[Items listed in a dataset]
◆ ◆ ◆ ◆ ◆
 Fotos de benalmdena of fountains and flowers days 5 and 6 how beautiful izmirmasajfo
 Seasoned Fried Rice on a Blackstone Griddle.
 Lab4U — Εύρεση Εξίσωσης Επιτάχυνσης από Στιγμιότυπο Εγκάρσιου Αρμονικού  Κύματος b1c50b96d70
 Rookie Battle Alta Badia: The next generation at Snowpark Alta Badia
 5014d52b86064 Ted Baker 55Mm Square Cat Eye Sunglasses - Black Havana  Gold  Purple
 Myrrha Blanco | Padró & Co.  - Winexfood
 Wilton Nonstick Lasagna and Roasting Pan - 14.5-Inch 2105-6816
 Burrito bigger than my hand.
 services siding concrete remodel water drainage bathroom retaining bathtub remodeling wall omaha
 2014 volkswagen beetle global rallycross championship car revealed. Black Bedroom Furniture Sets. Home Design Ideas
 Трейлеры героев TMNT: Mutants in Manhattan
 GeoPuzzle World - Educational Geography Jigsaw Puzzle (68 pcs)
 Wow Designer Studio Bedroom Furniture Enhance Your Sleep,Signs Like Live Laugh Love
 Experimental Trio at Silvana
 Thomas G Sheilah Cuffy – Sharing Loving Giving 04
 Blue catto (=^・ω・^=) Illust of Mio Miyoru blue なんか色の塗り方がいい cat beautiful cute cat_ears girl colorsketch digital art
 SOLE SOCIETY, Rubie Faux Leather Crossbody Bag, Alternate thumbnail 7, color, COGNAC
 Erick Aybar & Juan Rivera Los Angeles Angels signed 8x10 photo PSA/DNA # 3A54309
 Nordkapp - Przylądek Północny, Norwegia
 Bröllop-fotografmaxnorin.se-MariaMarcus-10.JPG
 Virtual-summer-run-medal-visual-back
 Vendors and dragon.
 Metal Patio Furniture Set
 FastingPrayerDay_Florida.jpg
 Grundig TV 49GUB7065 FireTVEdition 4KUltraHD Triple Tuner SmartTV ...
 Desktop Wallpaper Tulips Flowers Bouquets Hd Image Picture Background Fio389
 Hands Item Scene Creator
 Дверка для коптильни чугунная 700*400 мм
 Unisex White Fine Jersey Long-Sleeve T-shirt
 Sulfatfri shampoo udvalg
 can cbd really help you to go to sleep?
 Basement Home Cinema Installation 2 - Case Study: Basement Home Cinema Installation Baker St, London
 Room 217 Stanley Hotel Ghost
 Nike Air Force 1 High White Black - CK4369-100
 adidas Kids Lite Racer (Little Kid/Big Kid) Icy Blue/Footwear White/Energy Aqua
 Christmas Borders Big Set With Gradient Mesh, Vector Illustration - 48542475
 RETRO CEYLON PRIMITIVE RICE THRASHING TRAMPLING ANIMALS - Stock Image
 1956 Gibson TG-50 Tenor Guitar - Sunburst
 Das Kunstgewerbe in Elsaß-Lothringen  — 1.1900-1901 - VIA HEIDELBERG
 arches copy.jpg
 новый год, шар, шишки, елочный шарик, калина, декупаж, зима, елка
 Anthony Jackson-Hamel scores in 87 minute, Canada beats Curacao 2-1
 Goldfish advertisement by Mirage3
◆ ◆ ◆ ◆ ◆
=== What this task involves ===
In the entries above, which lines hold the word "Baker"? Copy them out.

=== Answer section ===
 5014d52b86064 Ted Baker 55Mm Square Cat Eye Sunglasses - Black Havana  Gold  Purple
 Basement Home Cinema Installation 2 - Case Study: Basement Home Cinema Installation Baker St, London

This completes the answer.